FTK imager can create an image and paging file for windows; along with capturing volatile memory for analysis purpose.

We can download FTK imager from here

After installing the FTK imager we can start by creating an image and to do so, we have to go to the file button and from the drop-down menu, select the Create Disk Image option.

After selecting the create disk image it will ask you the evidence type whether i.e. physical drive, logical drive, etc. and once you have selected the evidence type then press the next button to move further in the process.

Now it will ask for the drive of which you want to create the image. Select that drive and click on Finish button.

Now, we need to provide the image destination i.e. where we want our image to be saved. And to give the path for the destination, click on Add button.

Then select the type you want your image to be i.e. raw or E01, etc. Then click on Next button.

Further it will ask you to provide details for the image such as case number, evidence number, unique description, examiner, notes about the evidence or investigation. Click on Next button after providing all the details.

After this, it will ask you for the destination folder i.e. where you want your image to be saved along with its name and fragment size. Once you fill up all the details, click on the Finish button.

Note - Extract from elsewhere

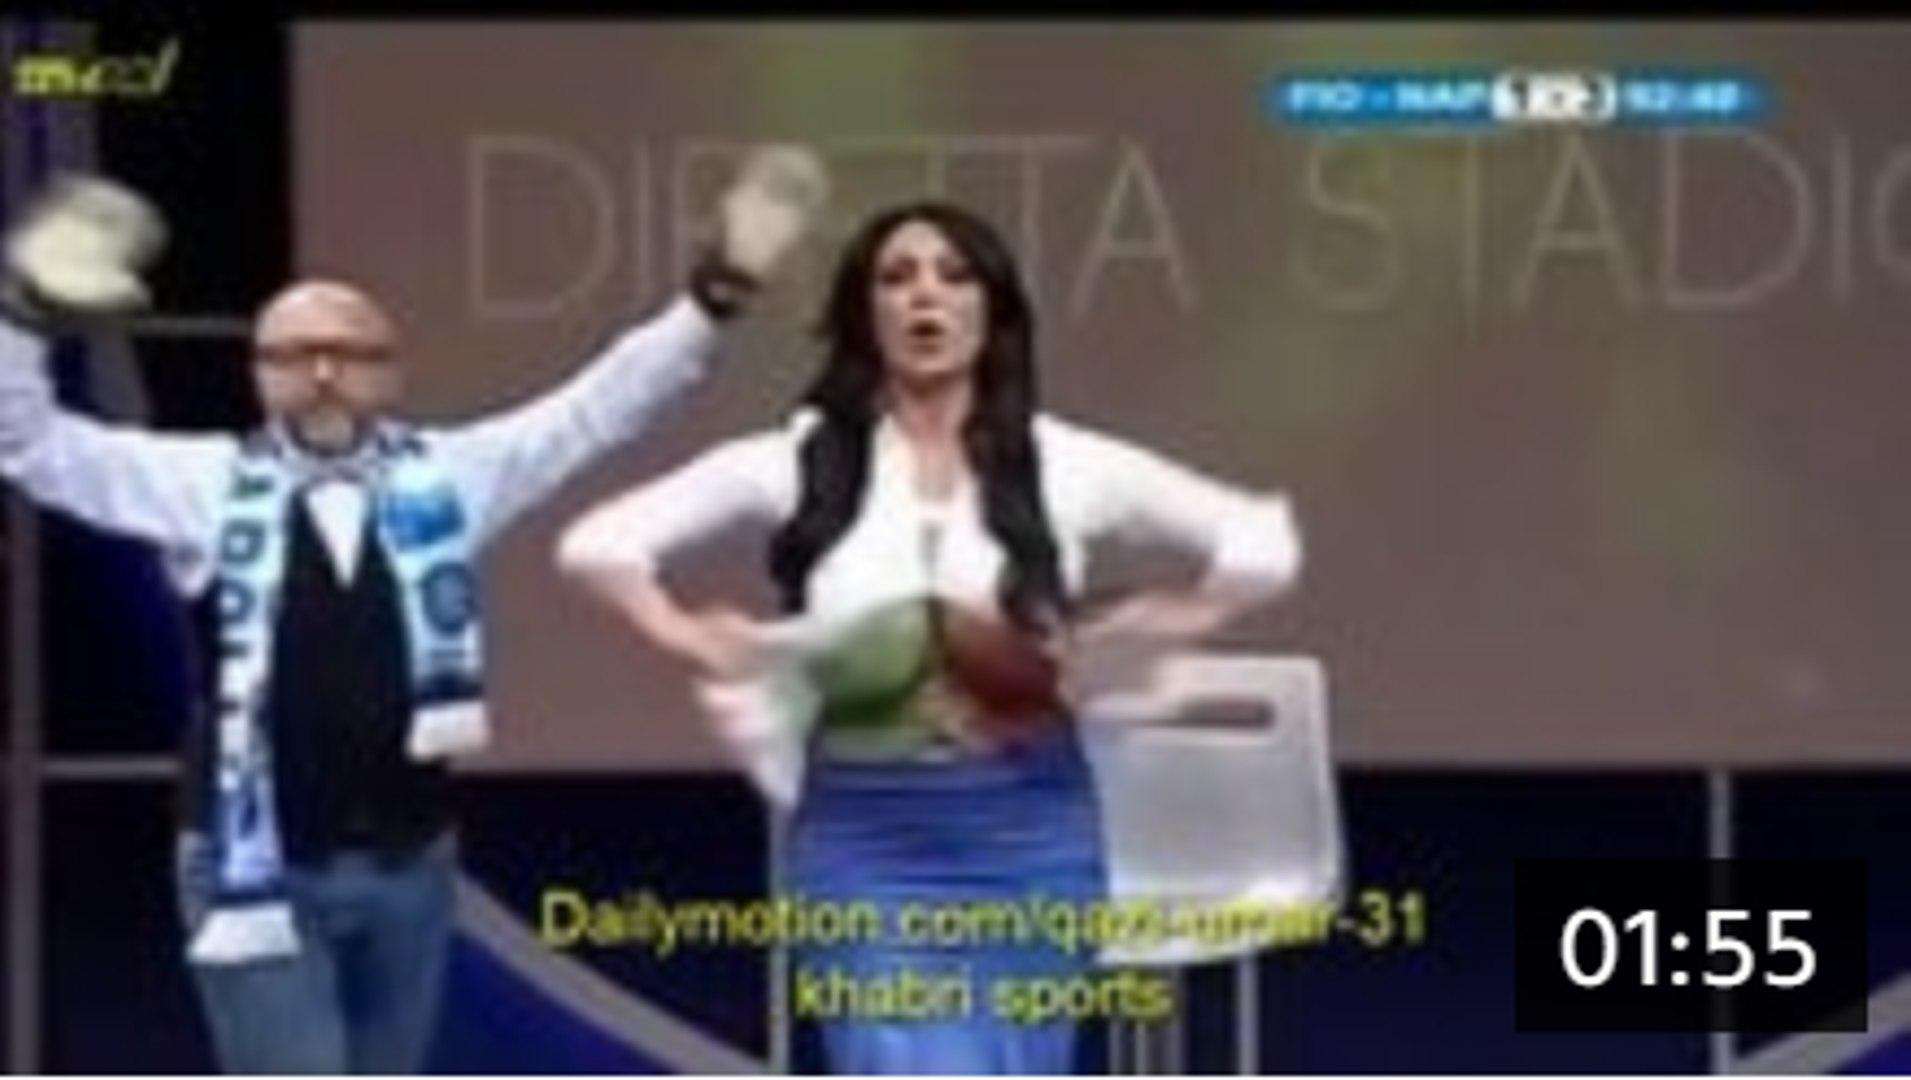 After Winning the Football Match Tv Anchor open the shirt

And now the process to create the image will start and it will simultaneously inform you about the elapsed time, estimated time left, image source, destination and status.

After the progress bar completes and status shows Image created successfully then it means our forensic image is created successfully .

And so, after the creation of the image you can go to the destination folder and verify the image as shown in the picture below :

Belkasoft Acquisition

Belkasoft Acquisitiontool formally known as BAT. This tool can create images of hard drives, Removable drives, Mobile devices, Computer RAM memory, cloud data. The acquired image can be analyzed with any third-party tool.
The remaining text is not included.